[STORED DATA]
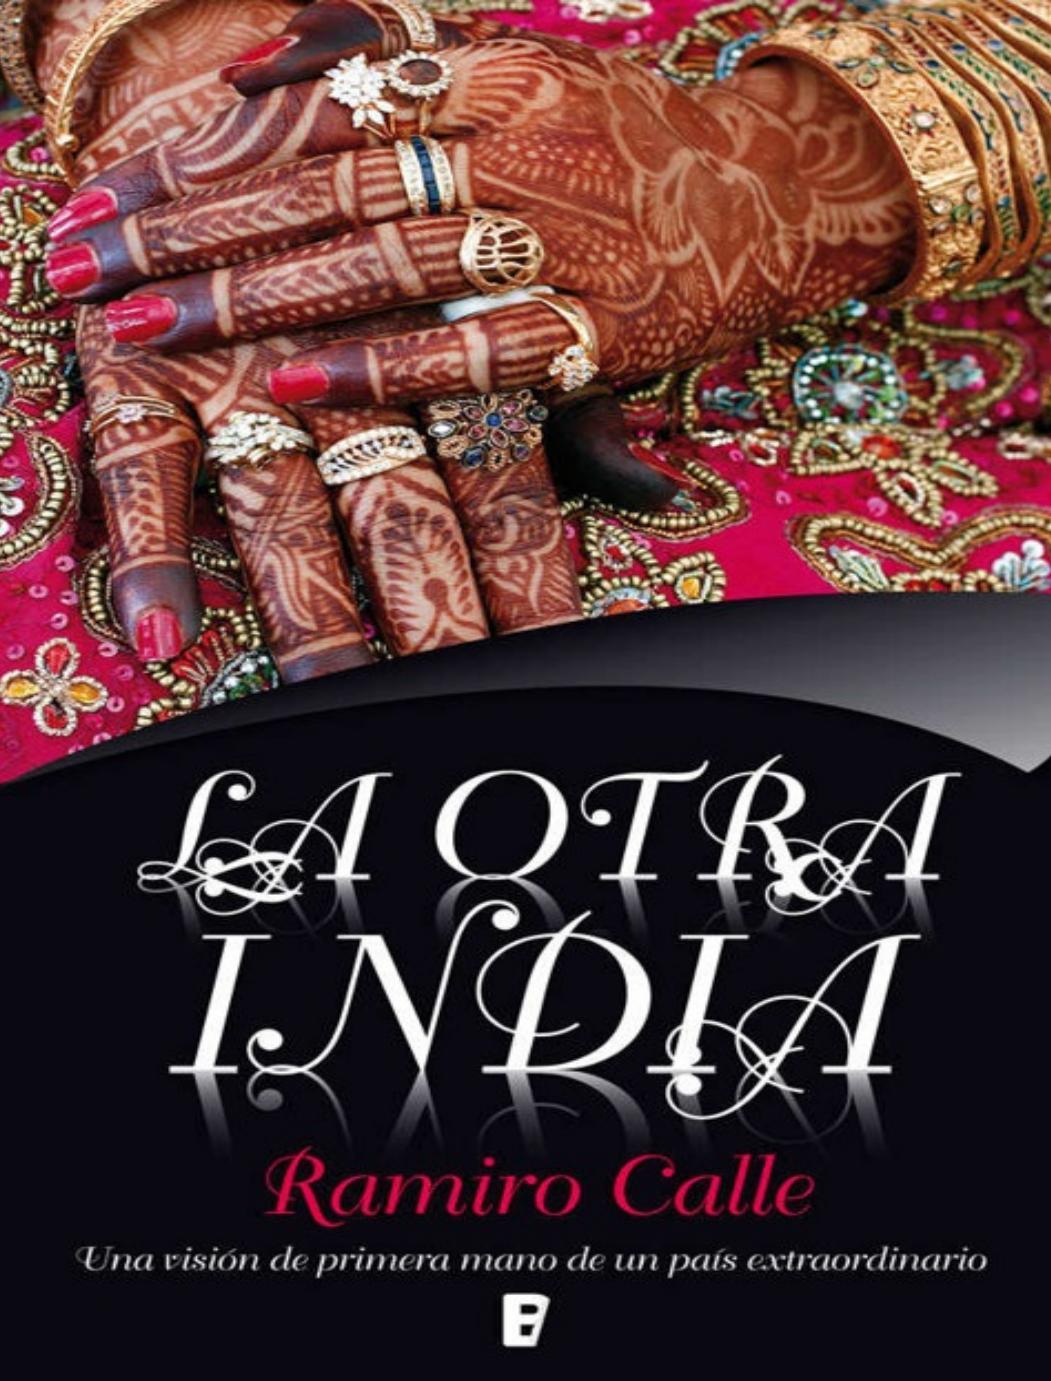 La otra india ramiro a calle by Noé Ruano Rivera - issuu 0874add7c23e
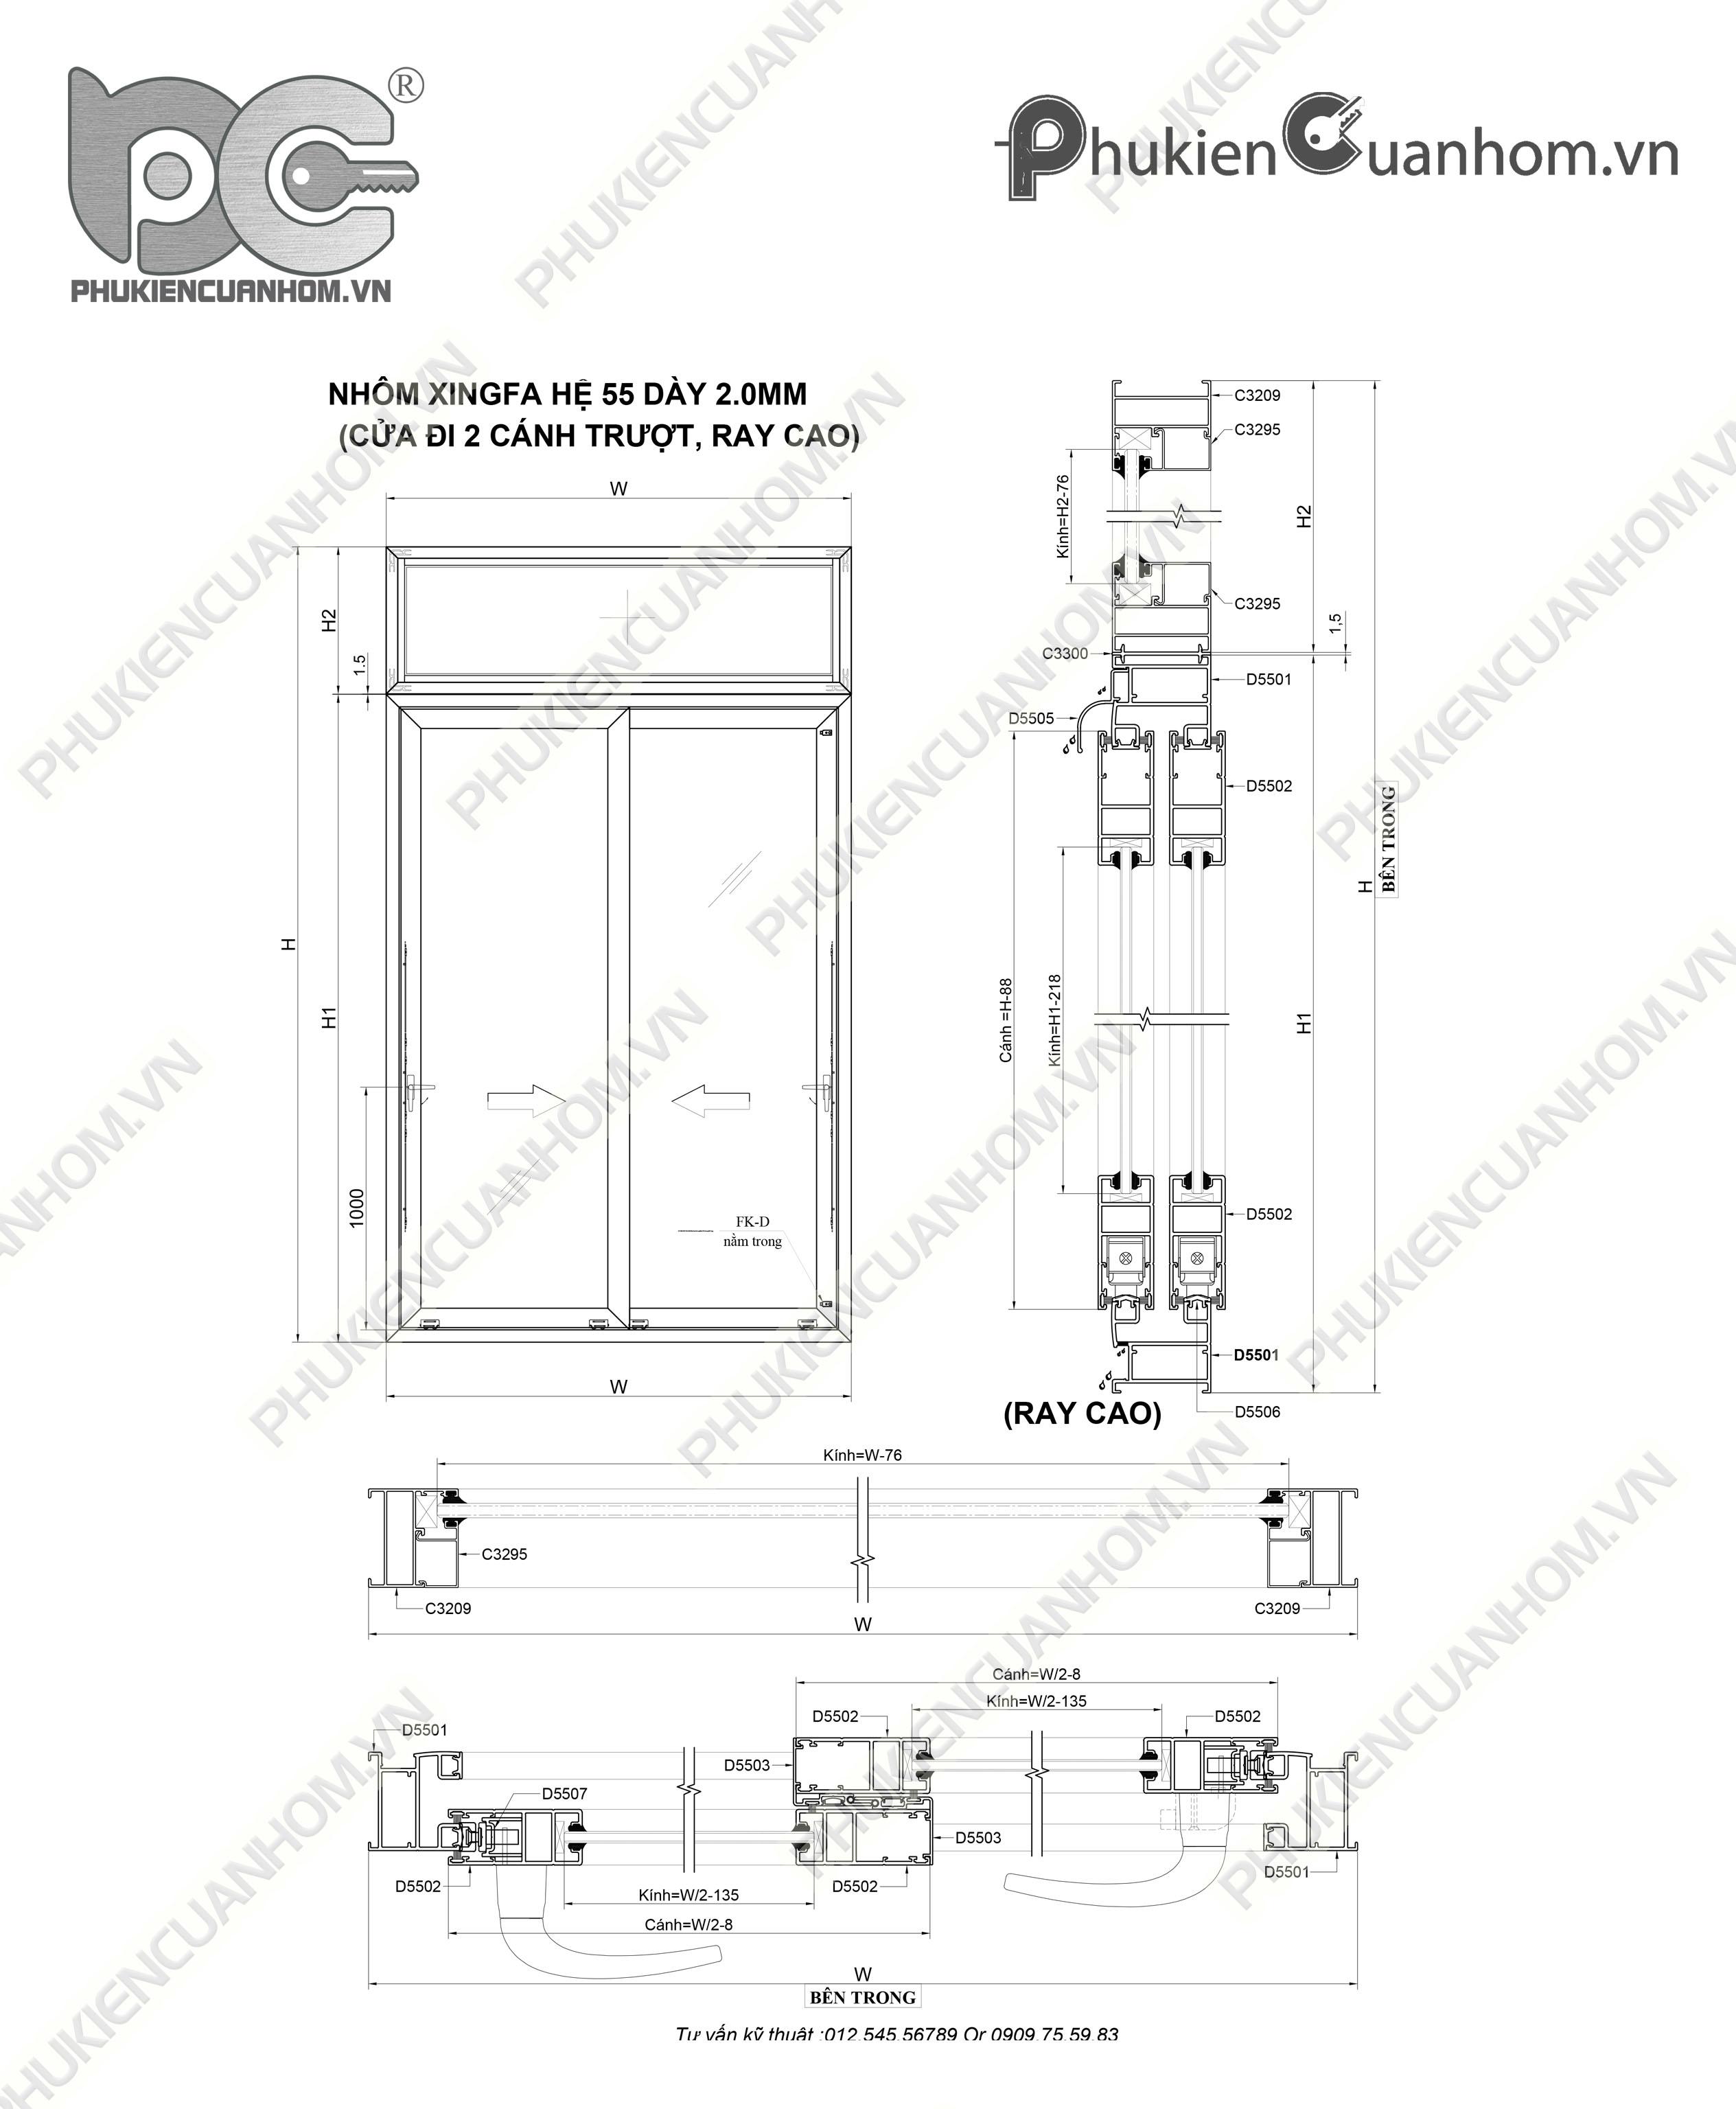 Cách trừ cửa đi lùa hệ 55 dày 2,0mm nhôm Xingfa nhập khẩu
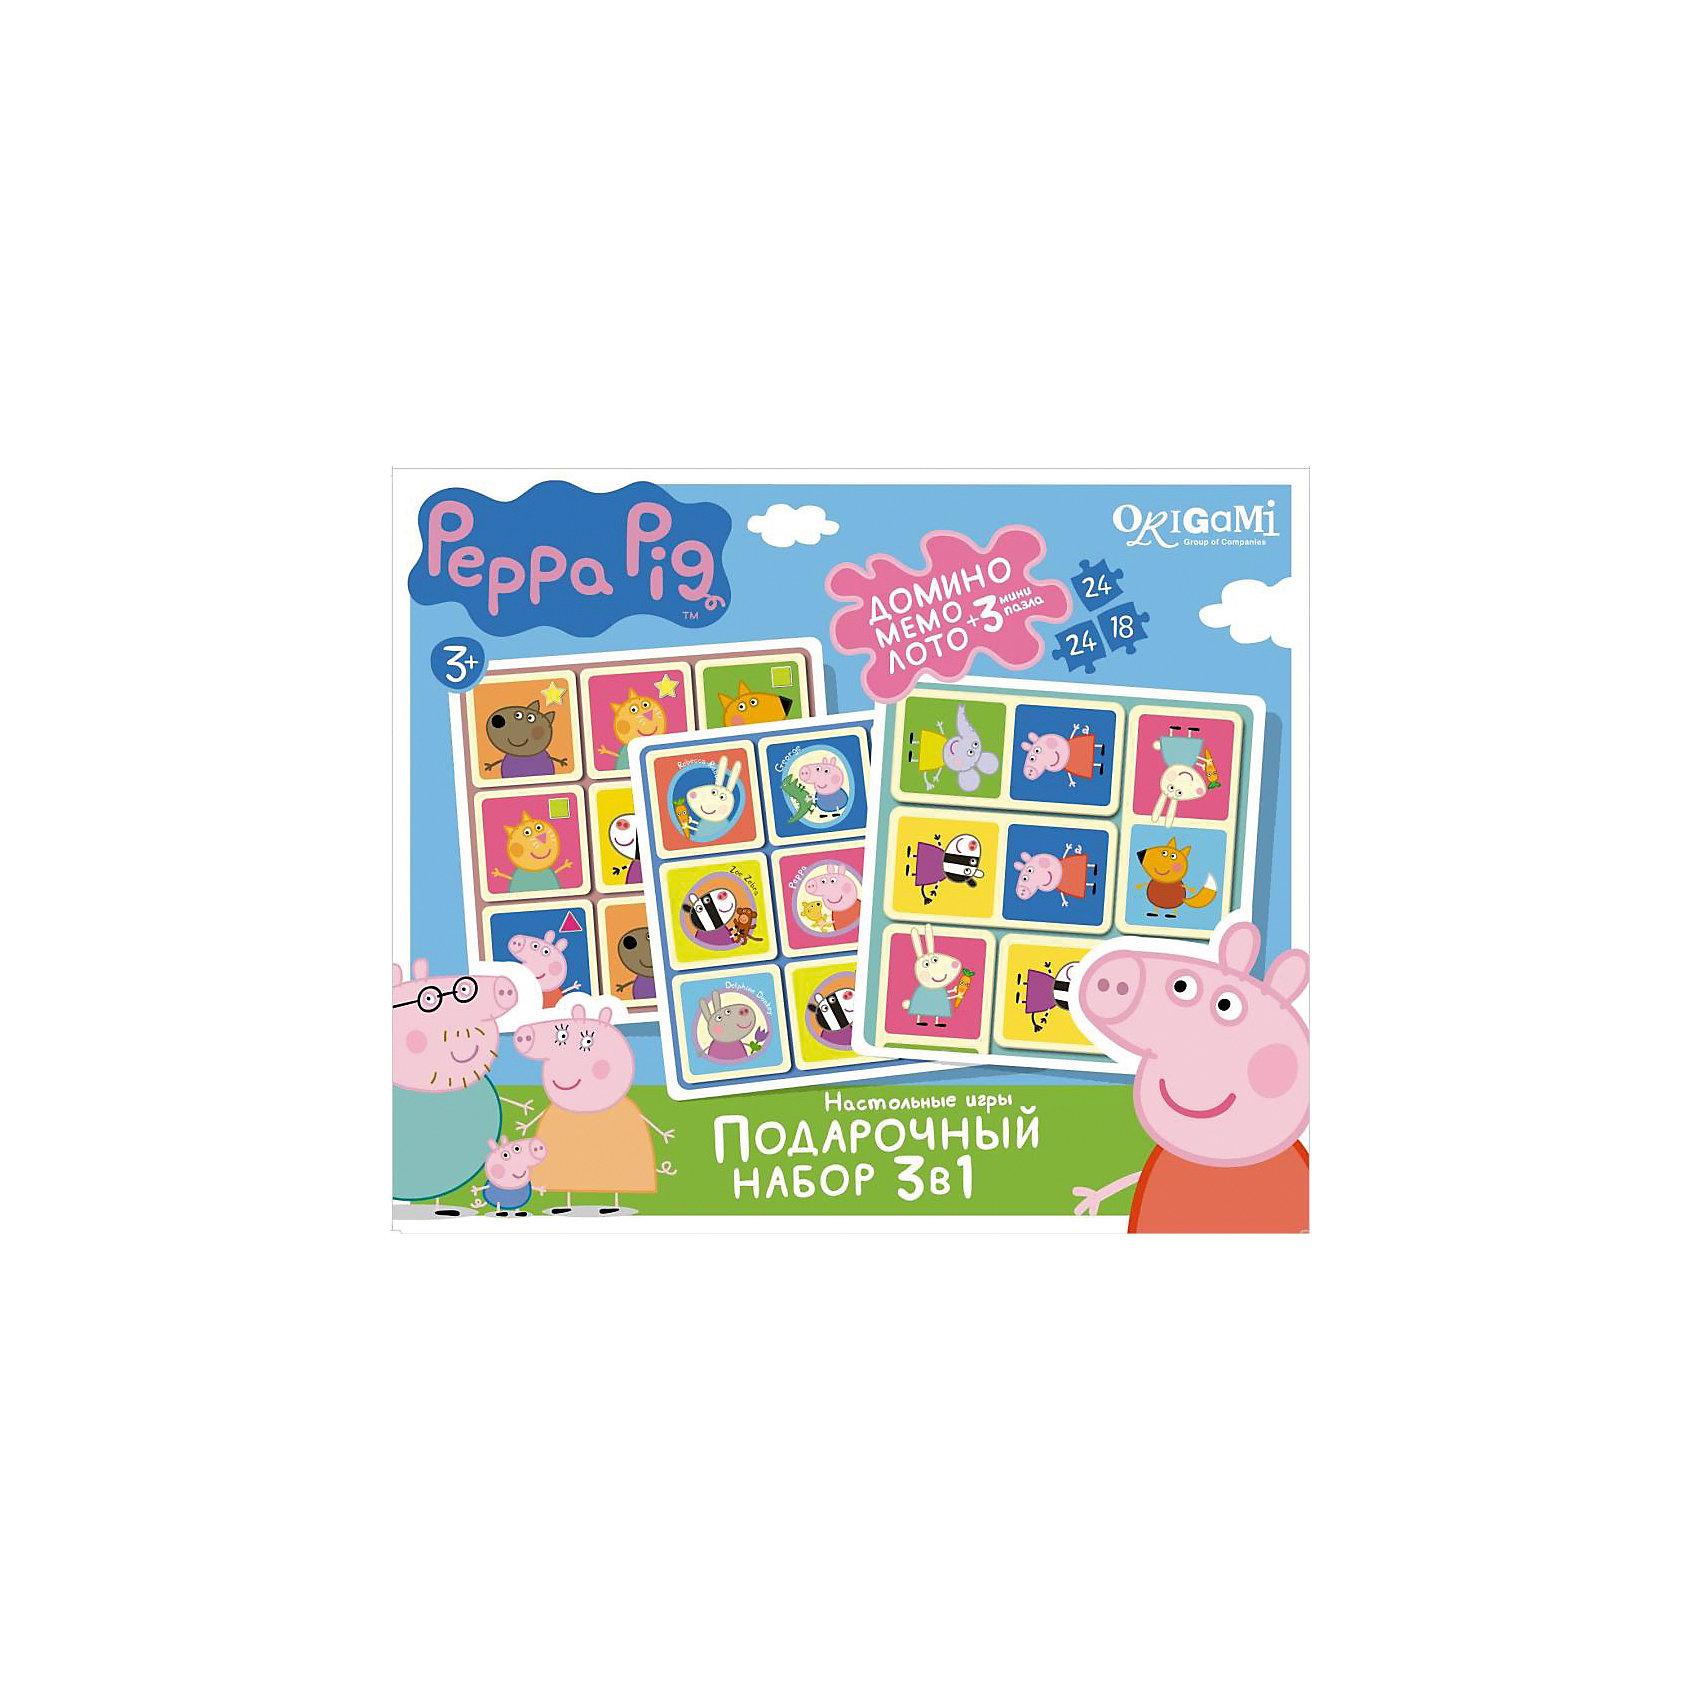 Набор 3в1: Лото + Мемо + Домино +3 пазла , Свинка ПеппаПазлы для малышей<br>Набор 3в1: Лото + Мемо + Домино +3 пазла , Свинка Пеппа – это интересные настольные игры со свинкой Пеппой, которые увлекут вашего ребенка.<br>Подарочный набор игр по мотивам любимого мультсериала о приключениях свинки Пеппы – это беспроигрышный вариант для детей с самыми разными вкусами и увлечениями. Такие гениальные, но при этом простые игры, как домино, лото и мемо, любят все без исключения. Кроме того, эти игры способствуют развитию логического мышления, внимательности и усидчивости. В подарок к набору также прилагаются три красочных пазла (два пазла по 24 детали и один пазл 18 деталей).<br><br>Дополнительная информация:<br><br>- Комплектация: игры: домино, лото, мемо, 3 пазла<br>- Материал: картон<br>- Размер коробки: 32x23,5х6 см.<br>- Вес: 528 гр.<br><br>Набор 3в1: Лото + Мемо + Домино +3 пазла , Свинка Пеппа можно купить в нашем интернет-магазине.<br><br>Ширина мм: 320<br>Глубина мм: 235<br>Высота мм: 60<br>Вес г: 528<br>Возраст от месяцев: 36<br>Возраст до месяцев: 96<br>Пол: Унисекс<br>Возраст: Детский<br>SKU: 4335024

[WHAT THE TASK ASKS] Leave out any pictures and return exactly the lines from the beginning of the data through the line with "Cách trừ cửa", inclusive.

[EXERCISE RESULT]
 La otra india ramiro a calle by Noé Ruano Rivera - issuu 0874add7c23e
 Cách trừ cửa đi lùa hệ 55 dày 2,0mm nhôm Xingfa nhập khẩu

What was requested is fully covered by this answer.